Congressional candidates dispute defense spending

Congressional candidates Blake Moore (left) of Salt Lake City and Darren Parry (right) of Providence revealed differing views on defense spending during a recent debate.

SALT LAKE CITY – The candidates in Utah’s 1st Congressional District to replace outgoing Republican Rob Bishop in Congress have deep philosophical differences on the issue of defense spending.

Democratic candidate Darren Parry of Providence says that he “one hundred percent” supports defense spending in nearby Hill Air Force Base.

Our president took $54 million from Hill last year to build his border wall,” Parry noted during a recent candidate forum sponsored by the Utah Debate Commission. “That is not acceptable. As your congressman, I will fight every day to make sure that the funding for Hill AFB stays where it belongs.”

But Parry is much less supportive of defense spending outside his own political backyard.

“I think we spend too much on defense,” he admitted, referring to the Pentagon budget of $716 billion in 2019.

While acknowledging the potential for cost savings in the defense budget, GOP candidate Blake Moore of Salt Lake City is equally protective of Hill AFB.

There’s good reason for the bi-partisan support of the military installation south of Ogden within Utah political circles.

Hill AFB is Utah’s sixth-largest employer. More than 10,000 service members and their dependents are assigned to the base. Many of them reside in the nearby communities of Layton, Clearfield, Riverdale, Roy and Sunset, all of which are within Utah’s 1st Congressional District.

The base’s tenant organizations include the Ogden Air Logistics Complex, which employs more than 16,000 civilian workers. In 2019, Hill Air Force base pumped an estimated $3.7 billion into Utah’s economy, including an annual payroll of nearly $1.5 billion and more than $800 million in local expenditures.

One of the base’s numerous missions is maintaining the U.S. arsenal of 450 Minuteman III intercontinental ballistic missiles that are now based in silos throughout the western United States.

Parry noted that Hill AFB will also play an instrumental role in replacing those missiles under the new Ground Based Strategic Deterrent program. That modernization effort is expected to take more than a decade at a cost of up to $85 billion.

The thinking of the rival candidates for the 1st District seat in Congress is naturally influenced by their backgrounds. Moore is a business consultant with previous experience in the defense and intelligence communities. Parry is a former tribal leader for the Northwestern Band of the Shoshone Nation.

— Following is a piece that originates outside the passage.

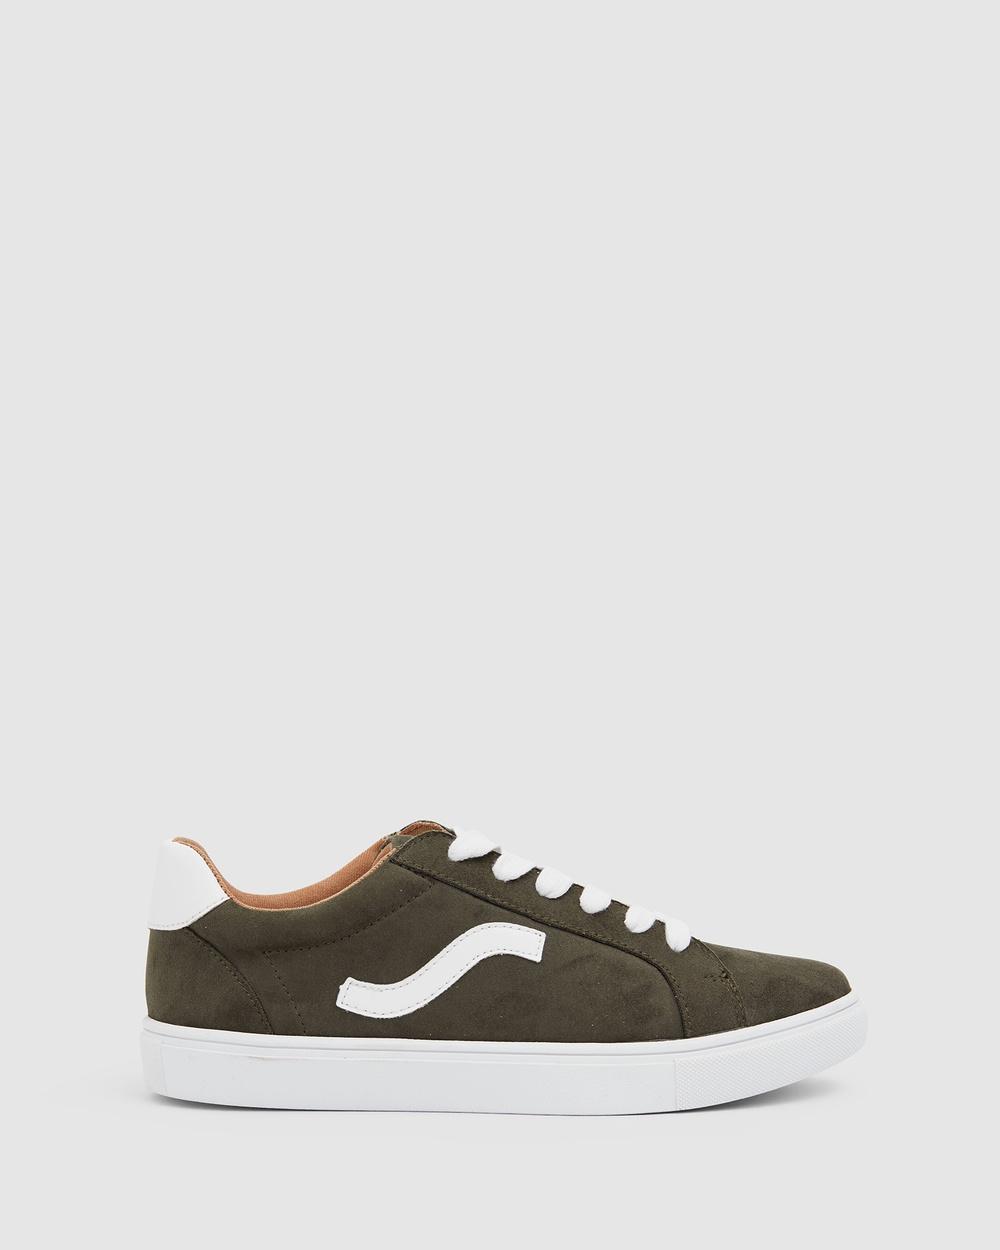 Sandler Swerve Sneakers KHAKI Australia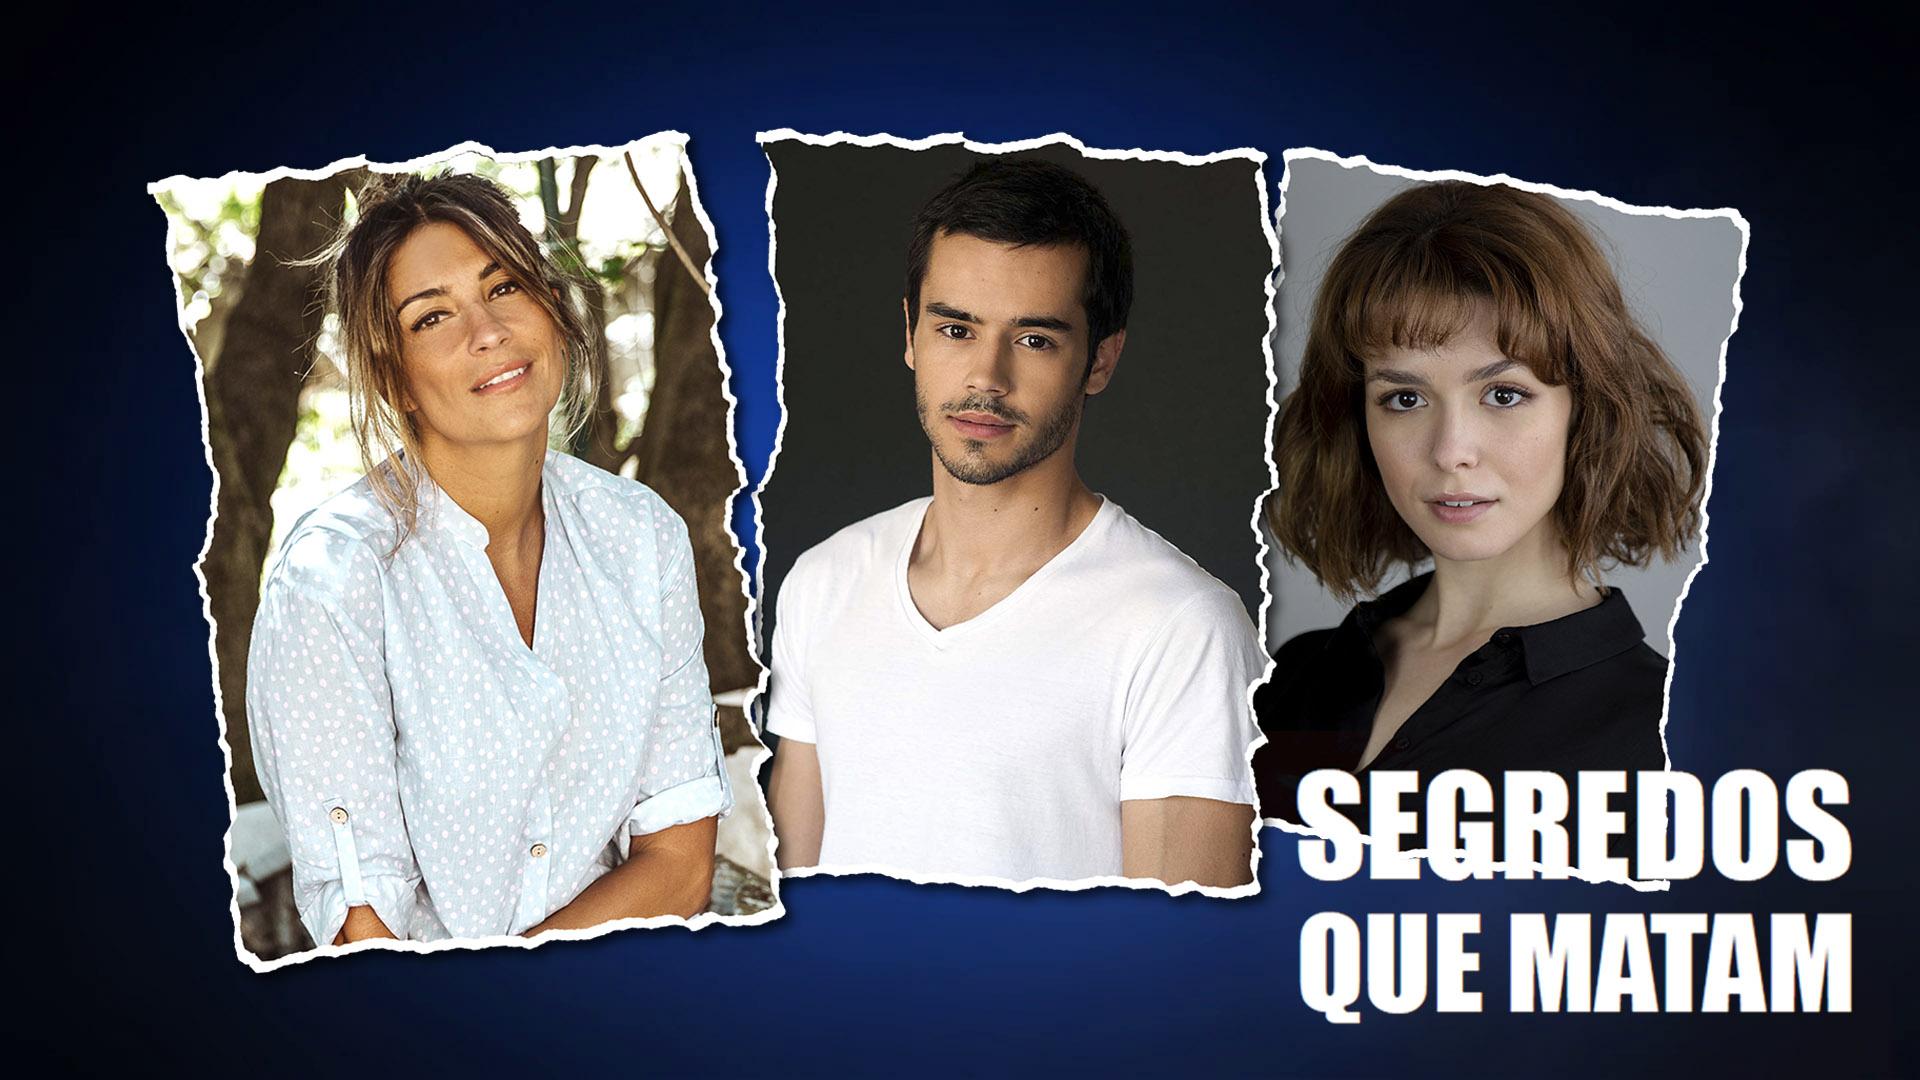 """Segredos que Matam"" com Isabel Figueira, Gonçalo Norton e Beatriz Barosa"

While applauding the contribution of American service members to the defense of our nation, Parry still confesses that he thinks the U.S. spends too much on the military.

“We need to ask what are our priorities today?” he argued. “Is it to be the strongest nation in terms of defense?

“My grandmother, a tribal elder, taught me the most important lesson I’ve ever heard. It was that our Native American community is only as strong as its most vulnerable members. Think about that. Think about spending less on defense and devoting more money to people who really need it, the marginalized members of our communities.”

But Moore counters that America’s budget problems cannot be solved by cutting defense spending alone.

We have much bigger spending issues,” he said.

“We have to look at this from an international perspective. Unfortunately, China is not slowing enhancement of its military … That means that America needs to continue to be at the cutting edge in terms of military power.”

But Moore admitted that his time spent in government service has taught him that the U.S. could maintain its military superiority and still trim billions from the federal budget.

“There’s so much waste,” he explained. “You could look at a certain percentage of our federal budget, across the board, and think how much of this spending is wasteful? That’s what we should target and I know we can. Cutting that waste wouldn’t touch a job or a mission, all of our military objectives would still be there.

“But, if we can find savings, it’s not about just transferring that money somewhere else. We have to use those savings to take a step toward a balanced budget.”

Moore and Parry will compete in the upcoming general election in November.